Instructions for the task ->
Required from the data below: the exact lines starting at the line containing "развивающийся флаг россии картинка" and ending at the line containing "Van Tilburg Mode Tassen", with both ends kept and all pictures dropped.

The data ->
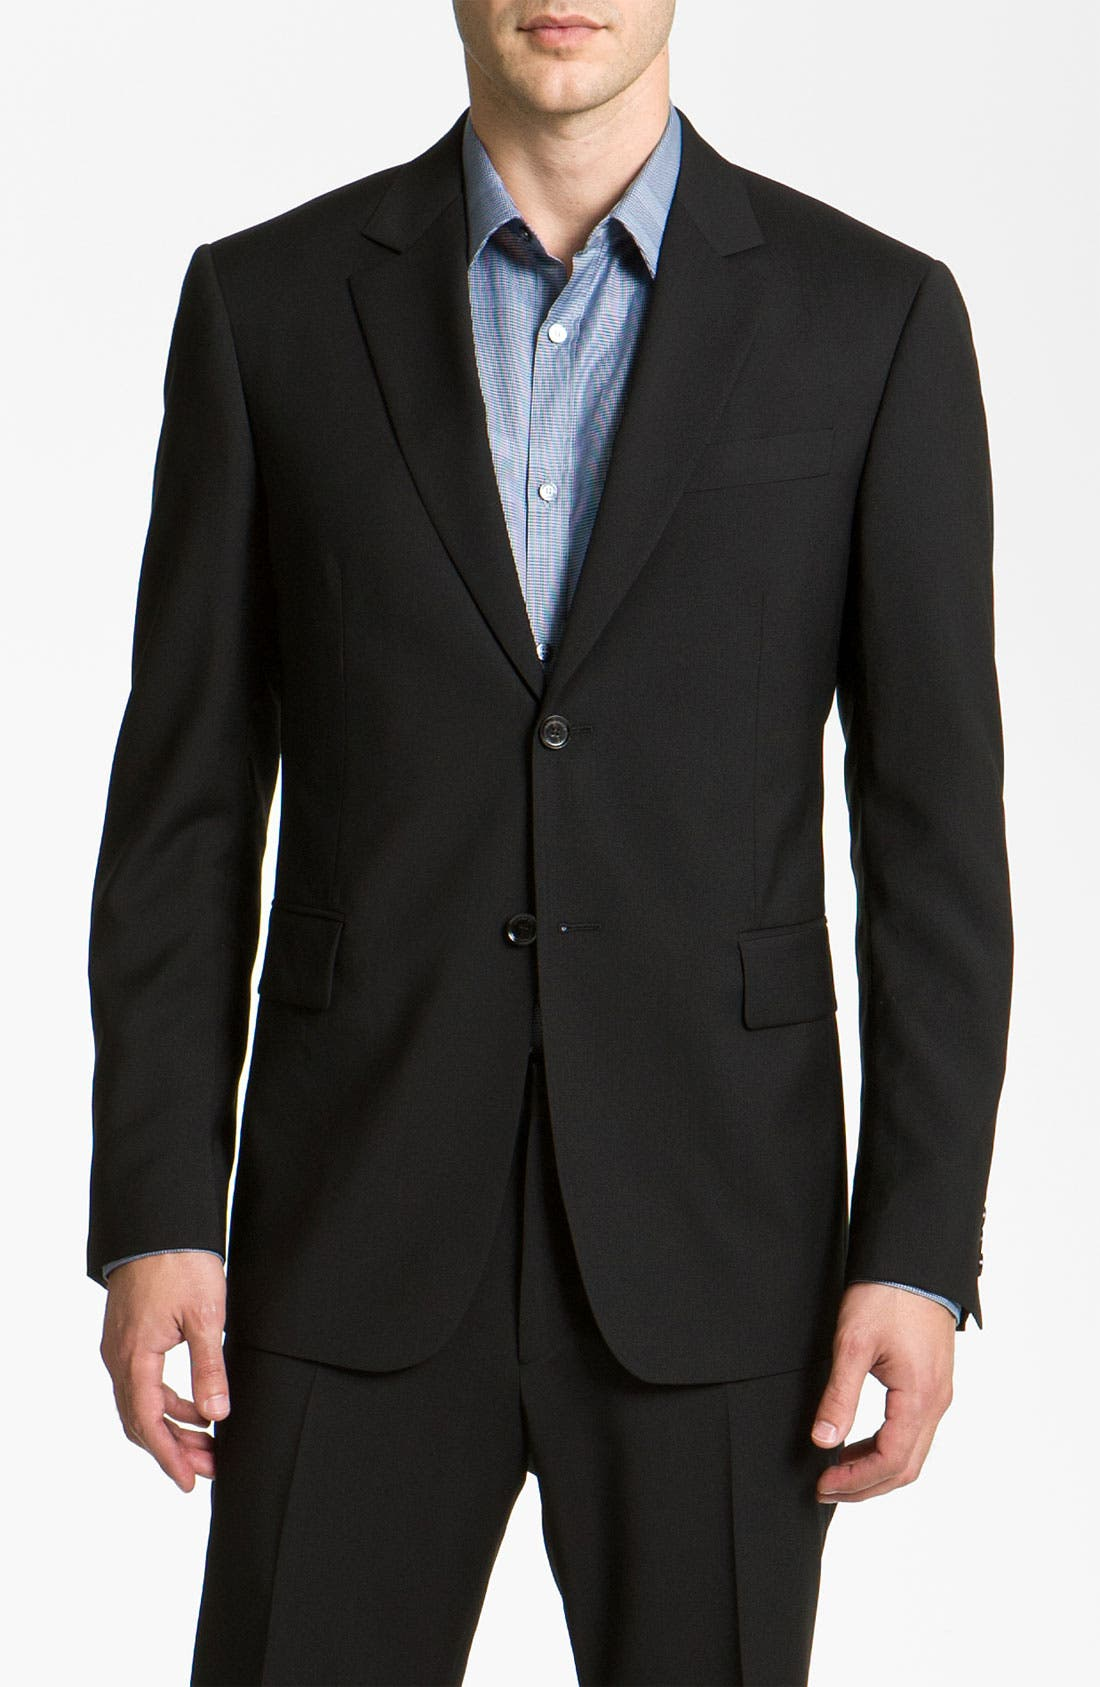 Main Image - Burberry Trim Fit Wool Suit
...
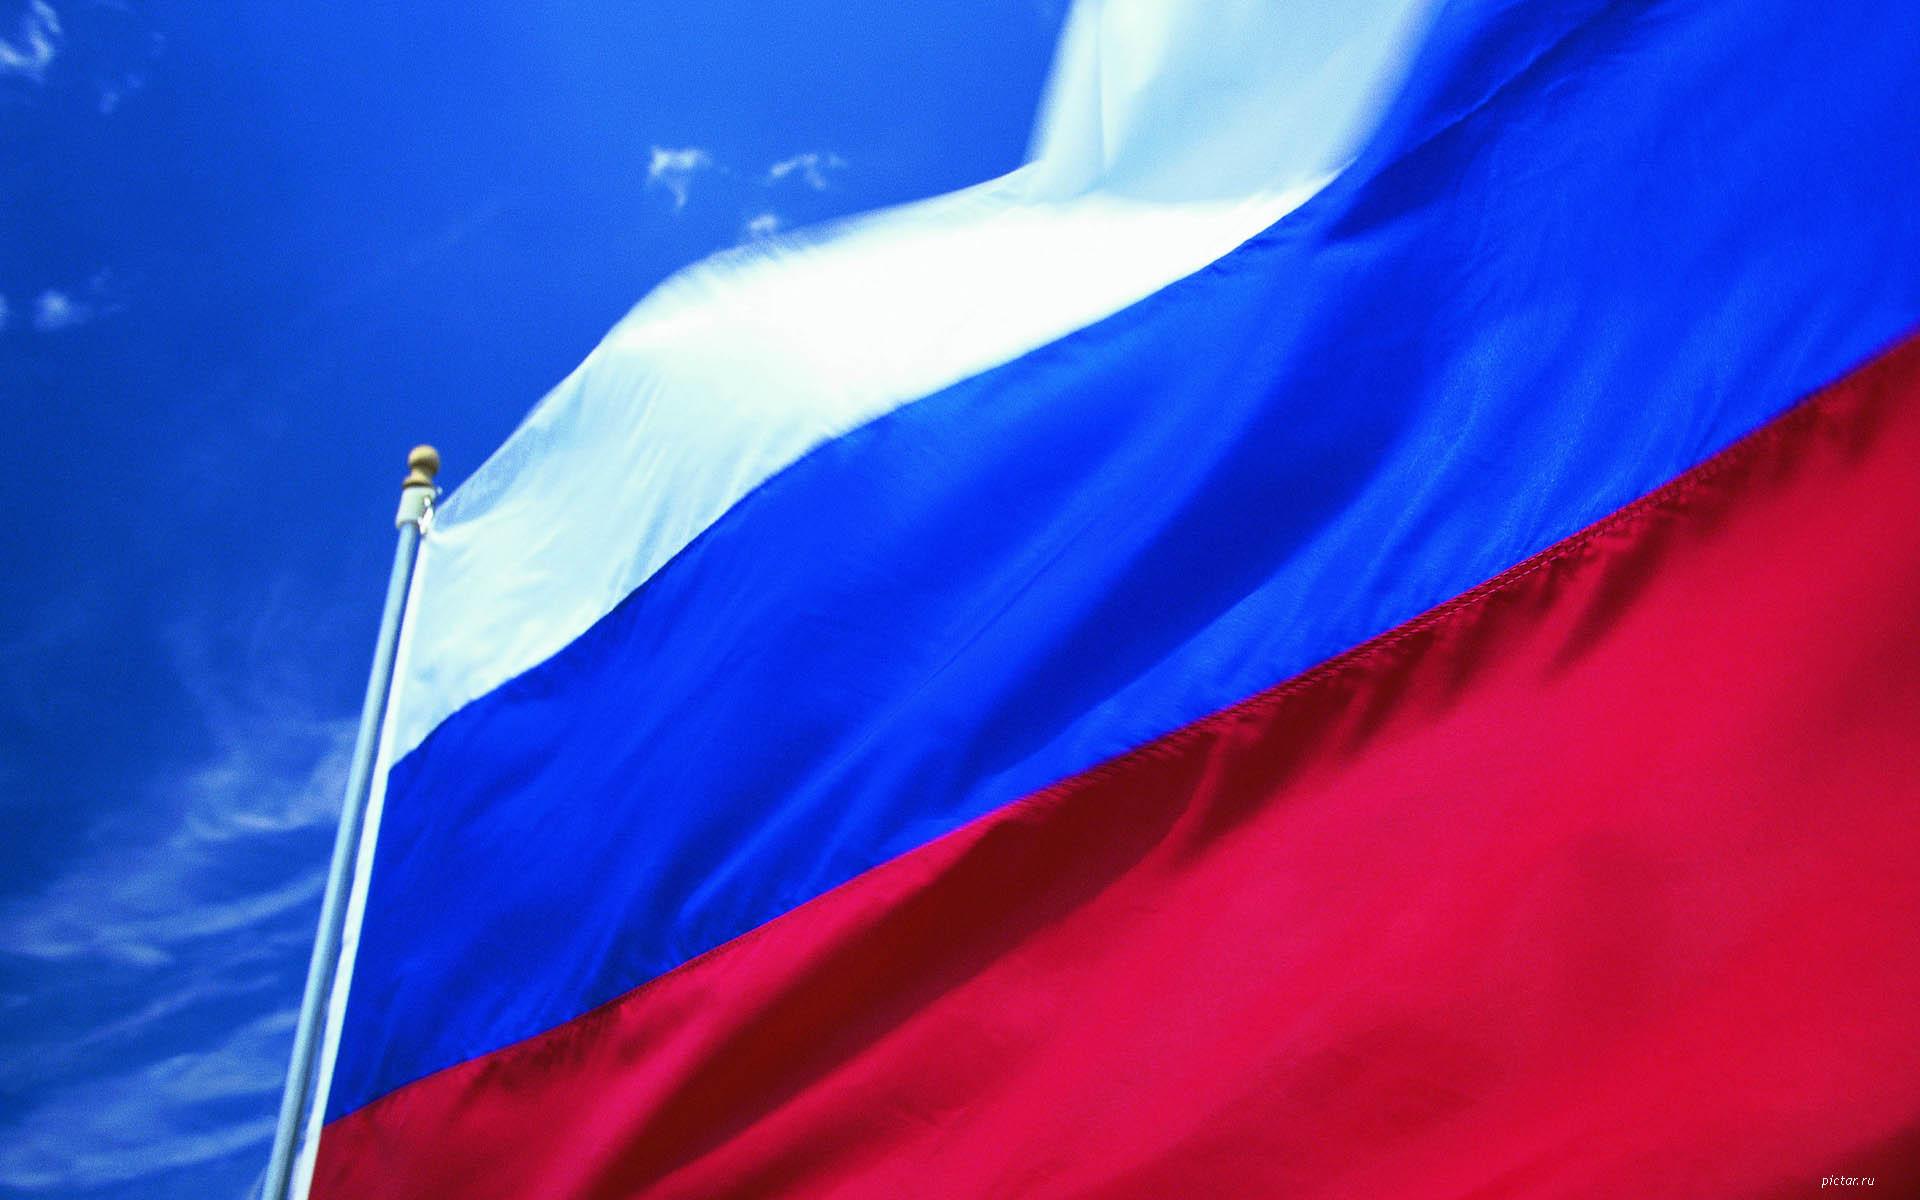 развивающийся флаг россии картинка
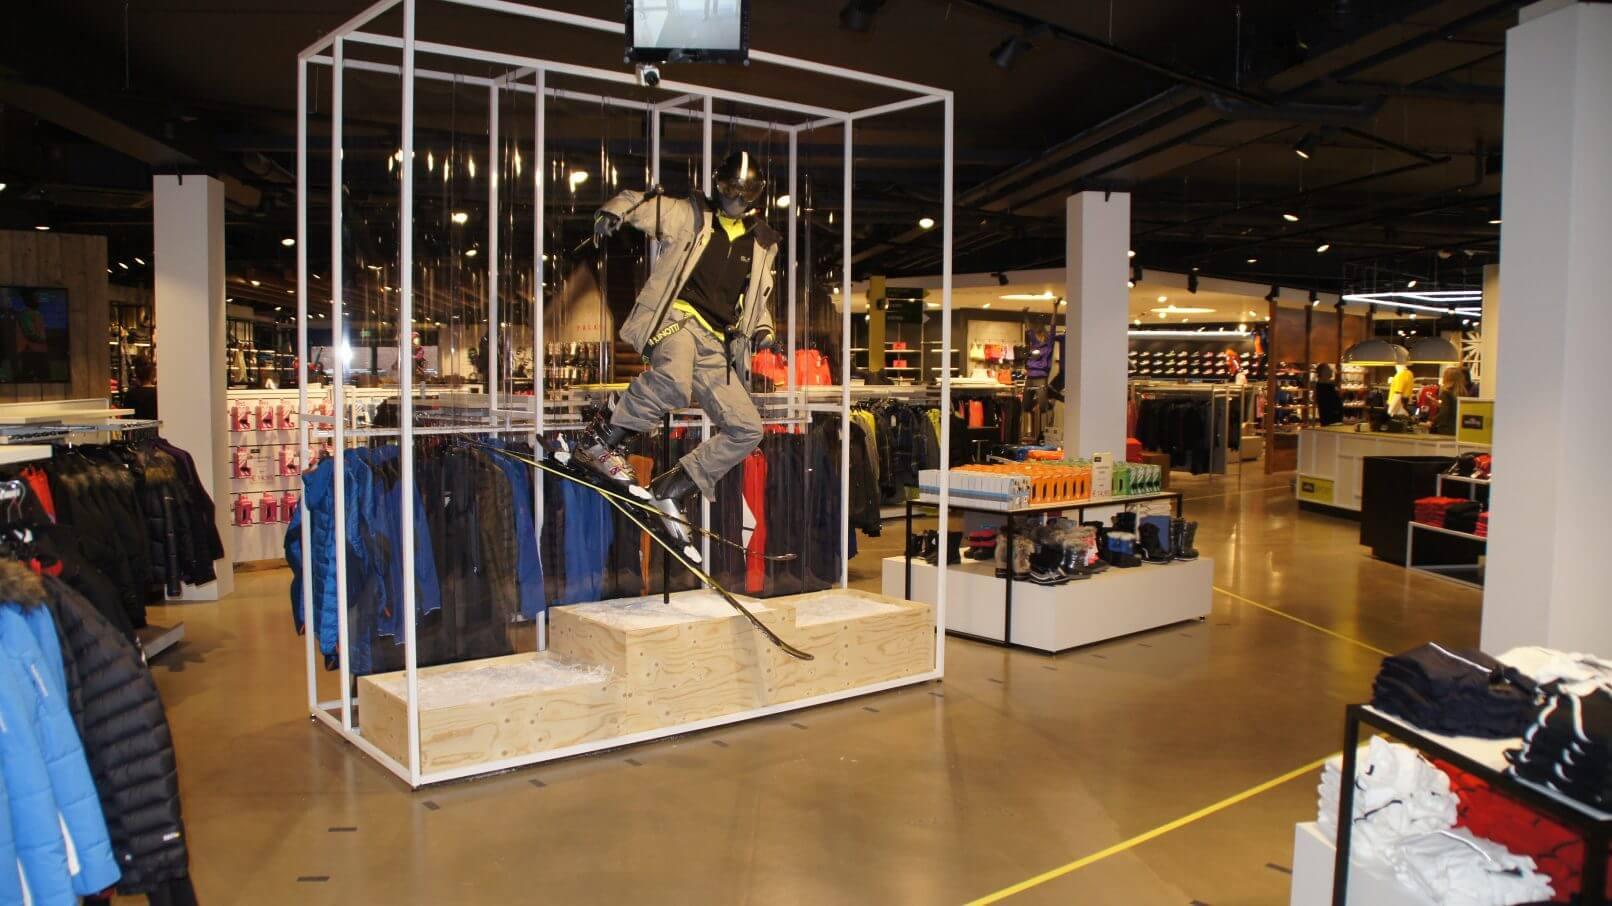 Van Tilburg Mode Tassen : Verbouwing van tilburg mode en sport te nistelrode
---
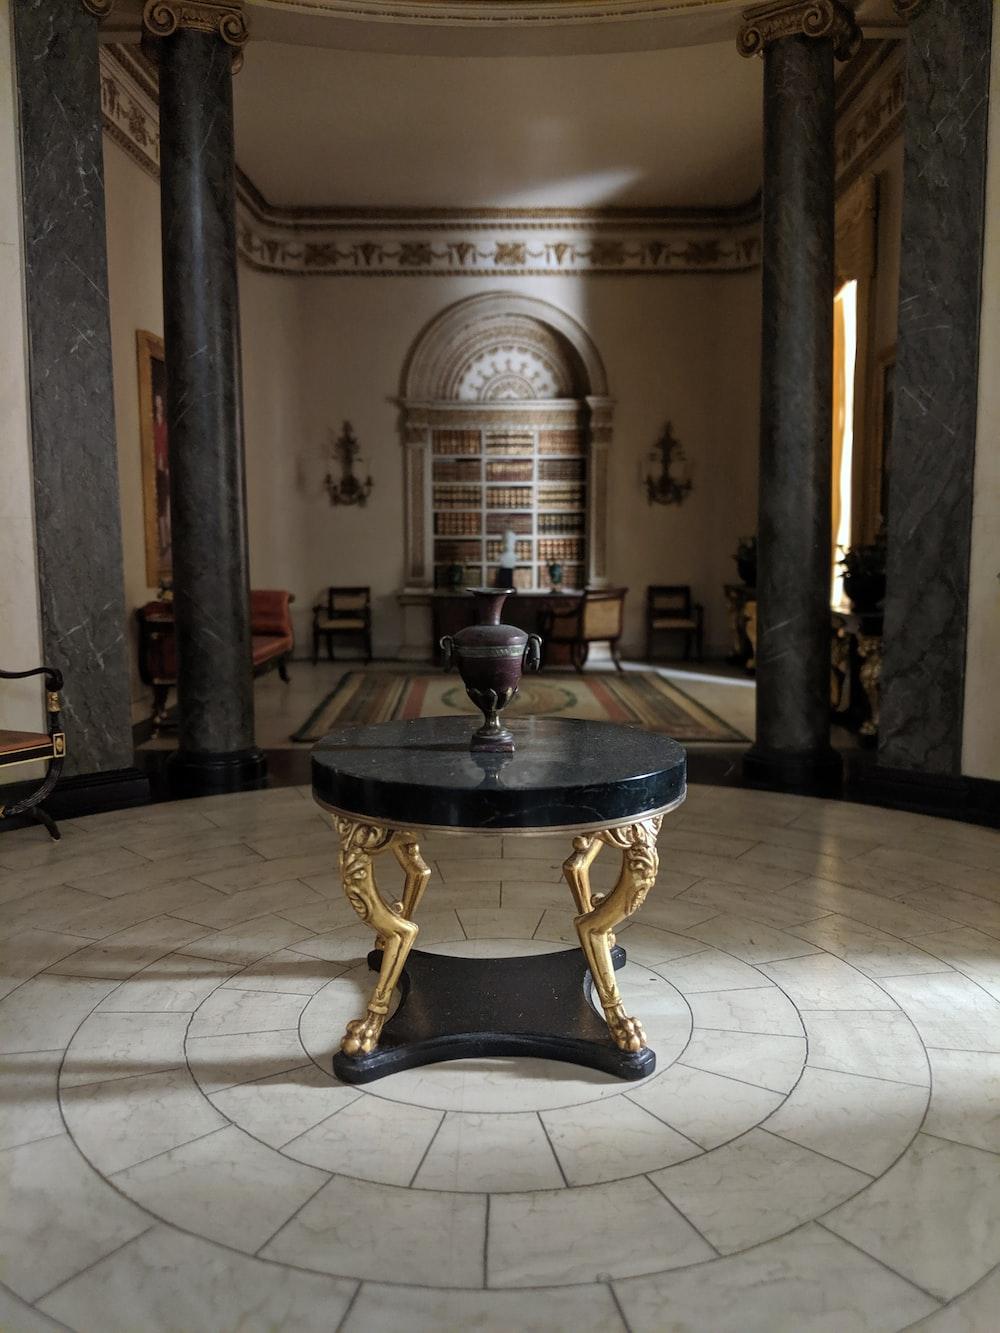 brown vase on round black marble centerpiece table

Task solution ->
 развивающийся флаг россии картинка
 Van Tilburg Mode Tassen : Verbouwing van tilburg mode en sport te nistelrode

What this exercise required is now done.